The best of the rest: UNC's Roy Williams could meet Williams’ former club Kansas in the Final Four ... Former Duke assistant Mike Brey (1987-95) could lead Notre Dame up against the Blue Devils in the championship game ... Virginia coach Tony Bennett could meet Wisconsin in the finals. Bennett started his coaching career as an assistant at Wisconsin from 1999-2003 ... Oklahoma, seeded third, and Michigan State, seeded seventh, are both in the East Region. If the two met in the Sweet 16 in Syracuse, it would reprise an old Big Ten coaching matchup. Lon Kruger, now the Sooner’s head coach, led the Illini from 1996-2000, and used to frequently lock horns with the Spartan’s Tom Izzo.

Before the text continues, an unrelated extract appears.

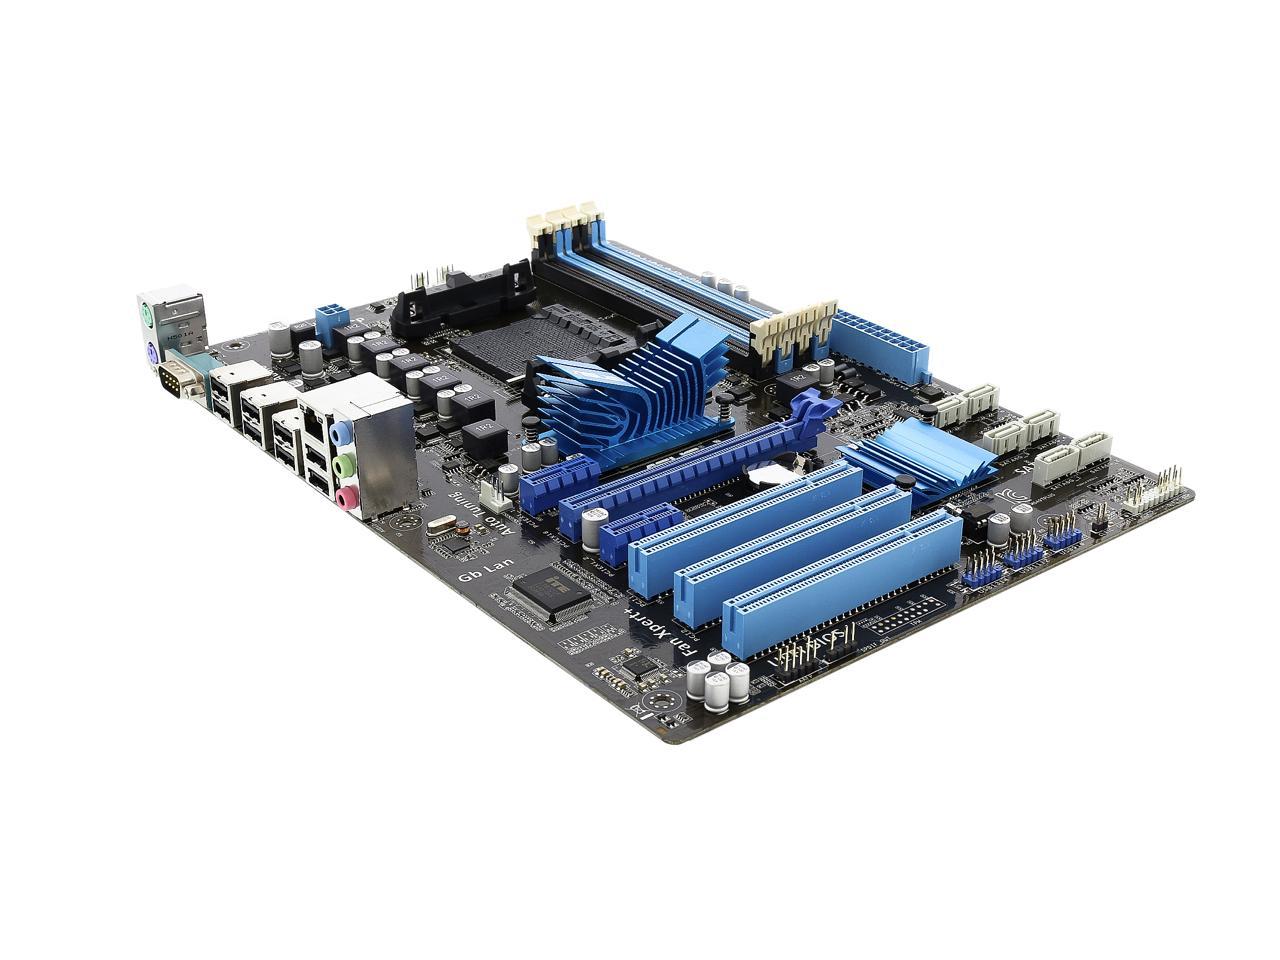 Used - Very Good: ASUS M5A97 PLUS AM3+ ATX AMD Motherboard - Newegg.com
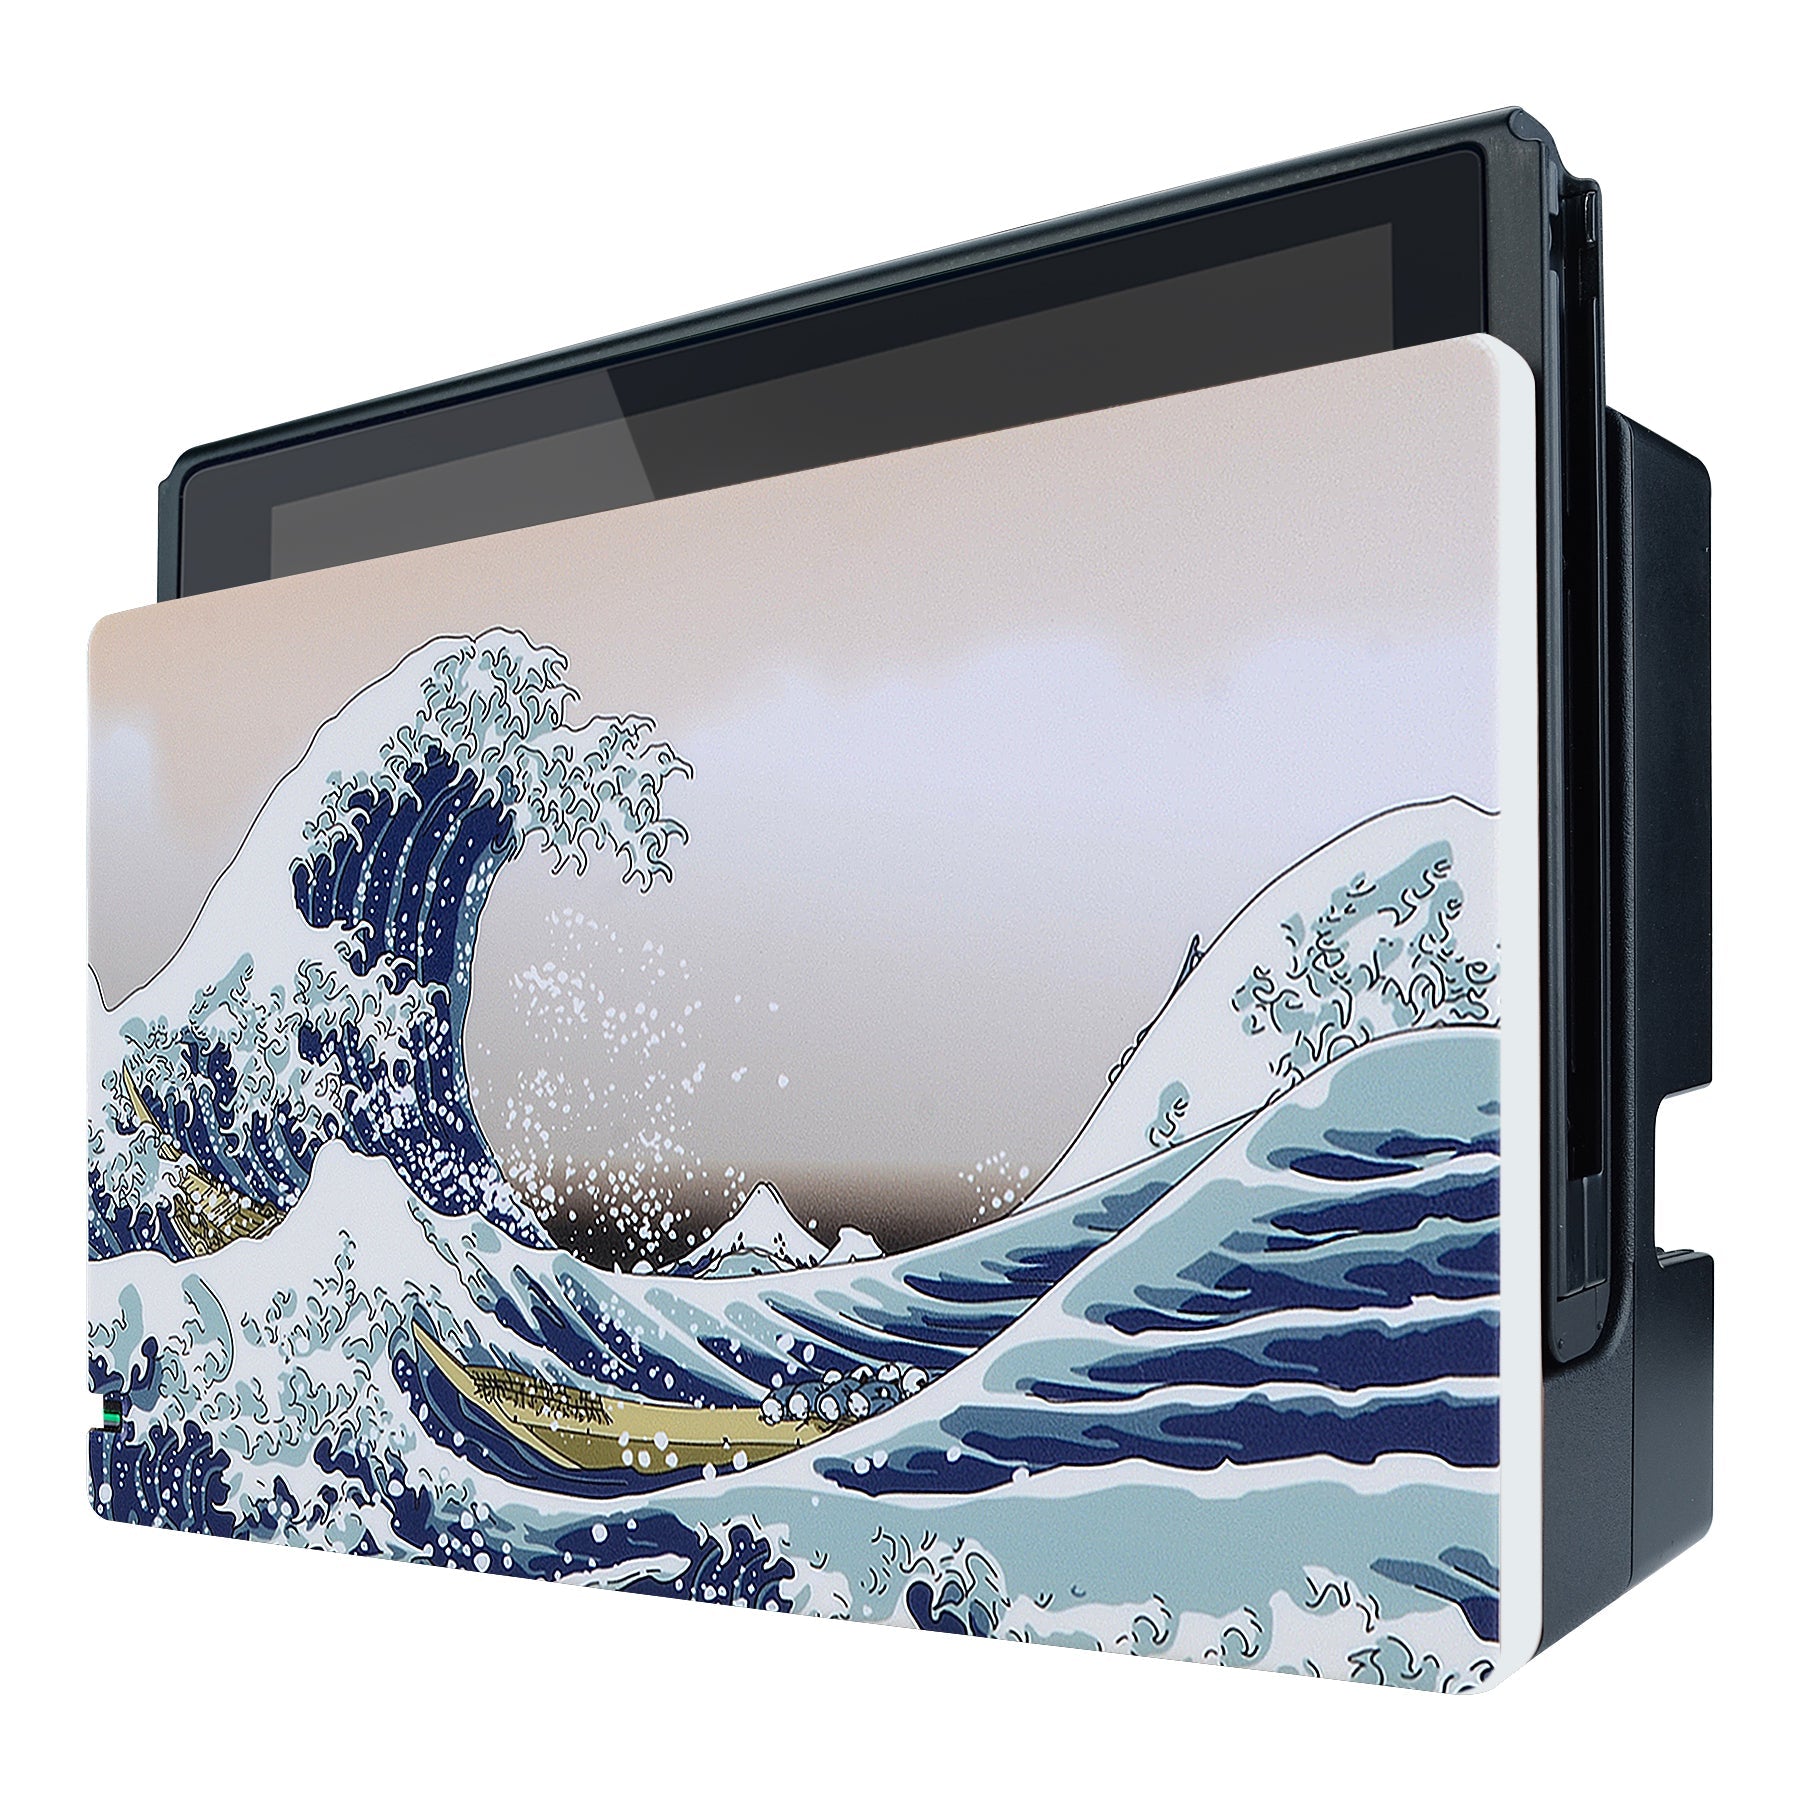 PlayVital The Great Wave Patterned Custom Protective Case for NS Switch Charging Dock, Dust Anti Scratch Dust Hard Cover for NS Switch Dock - Dock NOT Included - NTG7001 PlayVital

Coaches aren’t the only ones who play musical chairs in college basketball. Player transfer numbers have hit record levels each successive offseason, and invariably old teammates become foes in the tourney.

Turner’s found his stride with the Wolfpack
That will certainly be the case on opening night of the Round of 64 when N.C. State and LSU contest an 8/9 game in Pittsburgh. Former Tiger Ralston Turner, who transferred to the Wolfpack to play for Mark Gottfried, was in Baton Rouge for two seasons. He’s now NC State’s second leading scorer and will have to go through the Bayou Bengals to get to the East Region’s top seed, Villanova, on Saturday.

Another LSU transfer is also dancing this March in Oklahoma State point guard Anthony Hickey. The Pokes lead off with a game against Oregon and would have to advance all the way to the final game in order for Hickey to square off against the purple and gold.

If Butler and Indiana both advance to the Sweet 16 in Cleveland, the game would pit the Bulldogs’ Austin Etherington against his former team. Etherington, whose father Brett played for Butler, spent three seasons with Indiana before moving to another in-state school.

Justin Martin jumped from Xavier to SMU this past offseason, and while both teams are in the NCAA Tournament, they’re on opposite sides of the bracket, meaning they couldn’t reunite unless both made the championship game. Also in that position, but sitting out this season: Eron Harris, who went from West Virginia to Michigan State; and Terry Henderson, who also bolted West Virginia, but for NC State.